L'endométriose, une maladie touchant plus de deux millions de femmes en âge de procréer, est souvent caractérisée par une errance diagnostique de plusieurs années, impactant considérablement la qualité de vie des patientes. Afin d'améliorer la précocité du diagnostic, un axe majeur de la stratégie nationale de lutte contre l'endométriose, l'étude Endobest est en cours.
Avec la participation du CHU de Poitiers, cette étude évalue l’apport d’Endotest, un test biologique salivaire innovant pour le diagnostic de l’endométriose. Ce test, basé sur la détection de fragments d’ARN messagers, représente une avancée technologique significative.
Contrairement à un test d’orientation, Endotest est destiné aux patientes présentant une suspicion d’endométriose avec des douleurs intenses et une imagerie (échographie, IRM) non conclusive. « L’objectif principal de l’étude est de déterminer si ce test facilite le diagnostic et permet d’éviter des chirurgies inutiles », comme l’explique le Pr Xavier Fritel.
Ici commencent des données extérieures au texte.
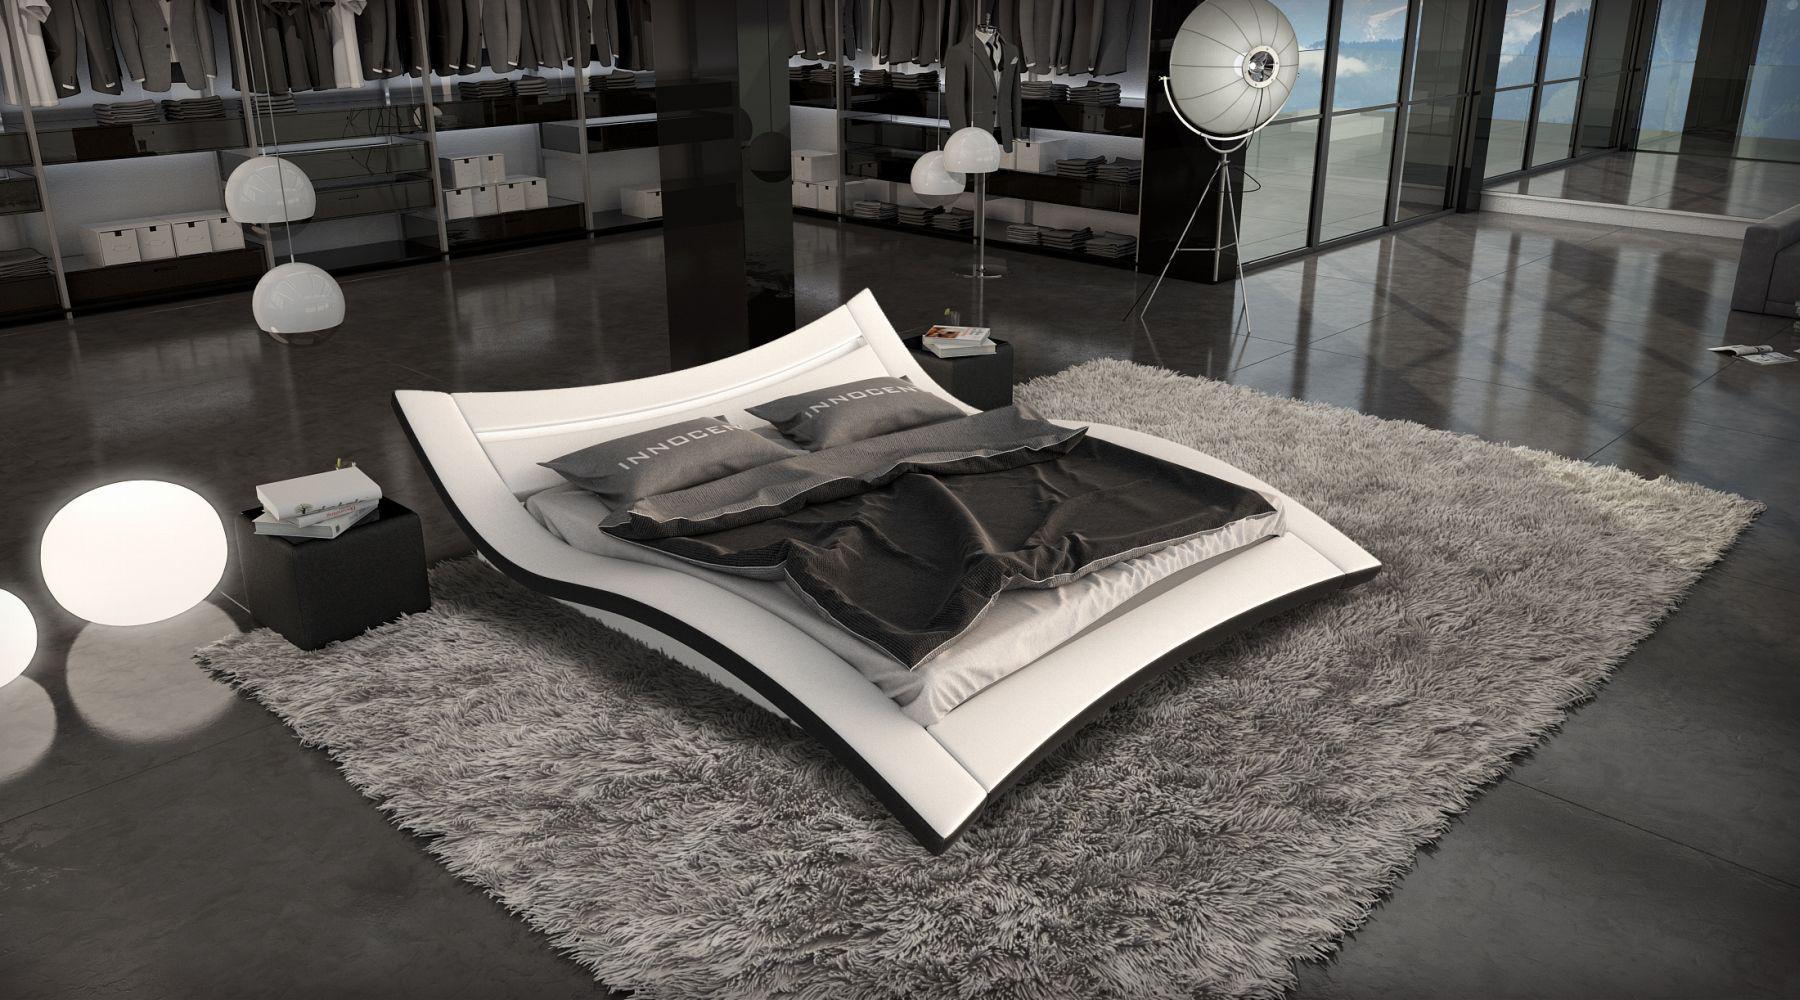 modernes wasserbett weiss schwarz ancona komplett set mit. Black Bedroom Furniture Sets. Home Design Ideas

L’étude Endobest, qui prévoit d’inclure 2 500 femmes à travers la France, bénéficie d’une prise en charge via le forfait innovation de l’assurance maladie. Ce dispositif soutient financièrement les technologies innovantes en phase de développement clinique.
Bien que l’impact réel du test sur la prise en charge des patientes reste à évaluer, l’espoir est grand de pouvoir poser un diagnostic plus rapidement et ainsi, peut-être, soulager plus tôt les souffrances de ces femmes. Catherine Vautrin, ministre du Travail, de la Santé, des Solidarités et des Familles, avait annoncé le remboursement de ces tests dès 2025, une promesse tenue avec le lancement de cette étude.
Comme le souligne Yannick Neuder, ministre de la Santé et de l’Accès aux soins « l’Endotest illustre la capacité de la recherche française à innover pour améliorer la santé des femmes, en s’appuyant sur des technologies de pointe comme le séquençage de nouvelle génération et l’intelligence artificielle ». L’arrêté officialisant la prise en charge de l’Endotest au titre du forfait innovation et listant les centres participants, dont le CHU de Poitiers, a été publié au Journal officiel le 11 février 2025.
Les résultats de cette étude sont très attendus et pourraient potentiellement changer la vie de nombreuses femmes en offrant une voie vers un diagnostic plus précoce et moins invasif de l’endométriose.